Internationalization and Localization

Genshi provides basic supporting infrastructure for internationalizing and localizing templates. That includes functionality for extracting localizable strings from templates, as well as a template filter that can apply translations to templates as they get rendered.

This support is based on gettext message catalogs and the gettext Python module. The extraction process can be used from the API level, or through the front-ends implemented by the Babel project, for which Genshi provides a plugin.

1   Basics

The simplest way to internationalize and translate templates would be to wrap all localizable strings in a gettext() function call (which is often aliased to _() for brevity). In that case, no extra template filter is required.

<p>${_("Hello, world!")}</p>

However, this approach results in significant “character noise” in templates, making them harder to read and preview.

The genshi.filters.Translator filter allows you to get rid of the explicit gettext function calls, so you can continue to just write:

<p>Hello, world!</p>

This text will still be extracted and translated as if you had wrapped it in a _() call.


For parameterized or pluralizable messages, you need to continue using the appropriate gettext functions.

You can control which tags should be ignored by this process; for example, it doesn't really make sense to translate the content of the HTML <script></script> element. Both <script> and <style> are excluded by default.

Attribute values can also be automatically translated. The default is to consider the attributes abbr, alt, label, prompt, standby, summary, and title, which is a list that makes sense for HTML documents. Of course, you can tell the translator to use a different set of attribute names, or none at all.

In addition, you can control automatic translation in your templates using the xml:lang attribute. If the value of that attribute is a literal string, the contents and attributes of the element will be ignored:

<p xml:lang="en">Hello, world!</p>

On the other hand, if the value of the xml:lang attribute contains a Python expression, the element contents and attributes are still considered for automatic translation:

<html xml:lang="$locale">

2   Extraction

The Translator class provides a class method called extract, which is a generator yielding all localizable strings found in a template or markup stream.
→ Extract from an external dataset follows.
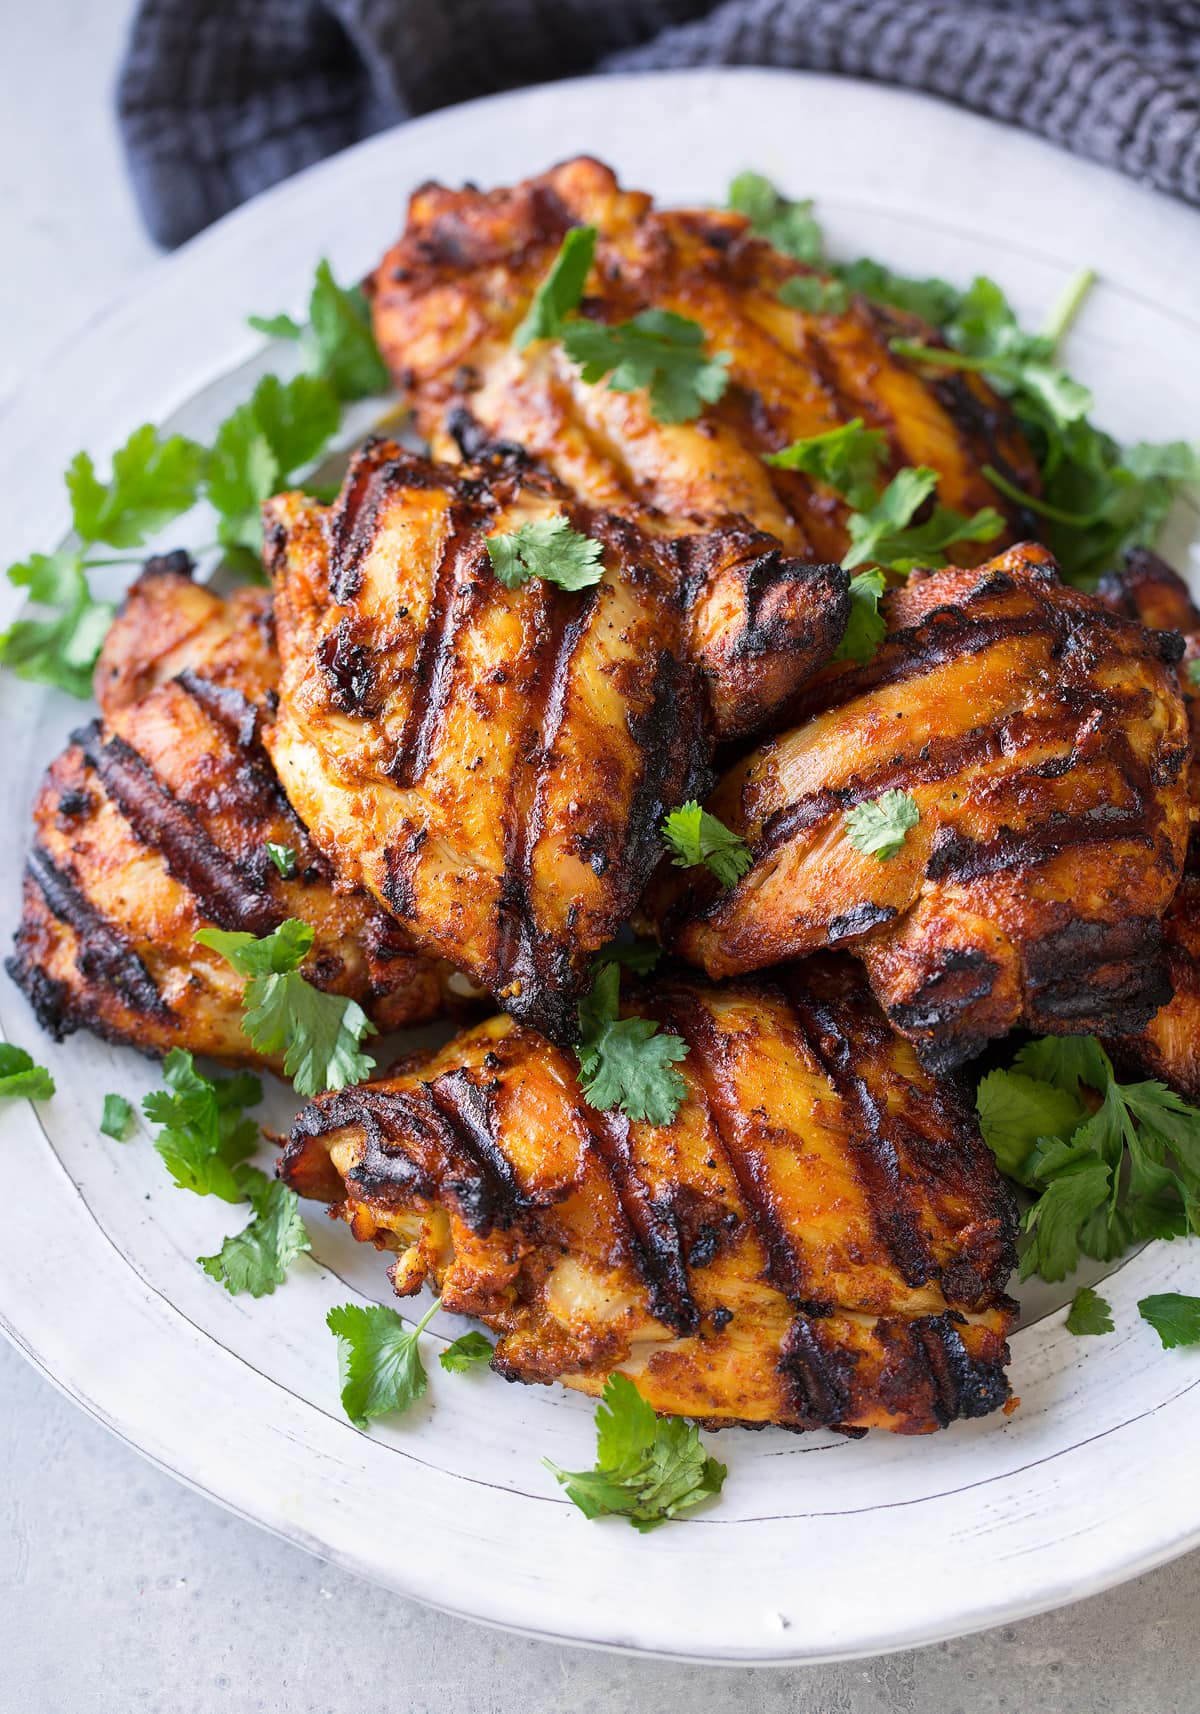 Tandoori Chicken Grill Or Oven Method Cooking Classy,What Is Fondant Icing

This includes both literal strings in text nodes and attribute values, as well as strings in gettext() calls in embedded Python code. See the API documentation for details on how to use this method directly.

This functionality is integrated into the message extraction framework provided by the Babel project. Babel provides a command-line interface as well as commands that can be used from setup.py scripts using Setuptools or Distutils.

The first thing you need to do to make Babel extract messages from Genshi templates is to let Babel know which files are Genshi templates. This is done using a “mapping configuration”, which can be stored in a configuration file, or specified directly in your setup.py.

In a configuration file, the mapping may look like this:

# Python souce
# Genshi templates
include_attrs = title
template_class = genshi.template.TextTemplate
encoding = latin-1

Please consult the Babel documentation for details on configuration.

If all goes well, running the extraction with Babel should create a POT file containing the strings from your Genshi templates and your Python source files.


Genshi currently does not support “translator comments”, i.e. text in template comments that would get added to the POT file. This support may or may not be added in future versions.

2.1   Configuration Options

The Genshi extraction plugin for Babel supports the following options:

2.1.1   template_class

The concrete Template class that the file should be loaded with. Specify the package/module name and the class name, separated by a colon.

The default is to use genshi.template:MarkupTemplate, and you'll want to set it to genshi.template:TextTemplate for text templates.

2.1.2   encoding

The encoding of the template file. This is only used for text templates. The default is to assume “utf-8”.

2.1.3   include_attrs

Comma-separated list of attribute names that should be considered to have localizable values. Only used for markup templates.

2.1.4   ignore_tags

Comma-separated list of tag names that should be ignored. Only used for markup templates.

2.1.5   extract_text

Whether text outside explicit gettext function calls should be extracted. By default, any text nodes not inside ignored tags, and values of attribute in the include_attrs list are extracted. If this option is disabled, only strings in gettext function calls are extracted.


If you disable this option, it's not necessary to add the translation filter as described above. You only need to make sure that the template has access to the gettext functions it uses.

3   Translation

If you have prepared MO files for use with Genshi using the appropriate tools, you can access the message catalogs with the gettext Python module. You'll probably want to create a gettext.GNUTranslations instance, and make the translation functions it provides available to your templates by putting them in the template context.

The Translator filter needs to be added to the filters of the template (applying it as a stream filter will likely not have the desired effect). Furthermore it needs to be the first filter in the list, including the internal filters that Genshi adds itself:

from genshi.filters import Translator
from genshi.template import MarkupTemplate
template = MarkupTemplate("...")
template.filters.insert(0, Translator(translations.ugettext))

If you're using TemplateLoader, you should specify a callback function in which you add the filter:

from genshi.filters import Translator
from genshi.template import TemplateLoader
def template_loaded(template):
    template.filters.insert(0, Translator(translations.ugettext))
loader = TemplateLoader('templates', callback=template_loaded)
template = loader.load("...")

This approach ensures that the filter is not added everytime the template is loaded, and thus being applied multiple times.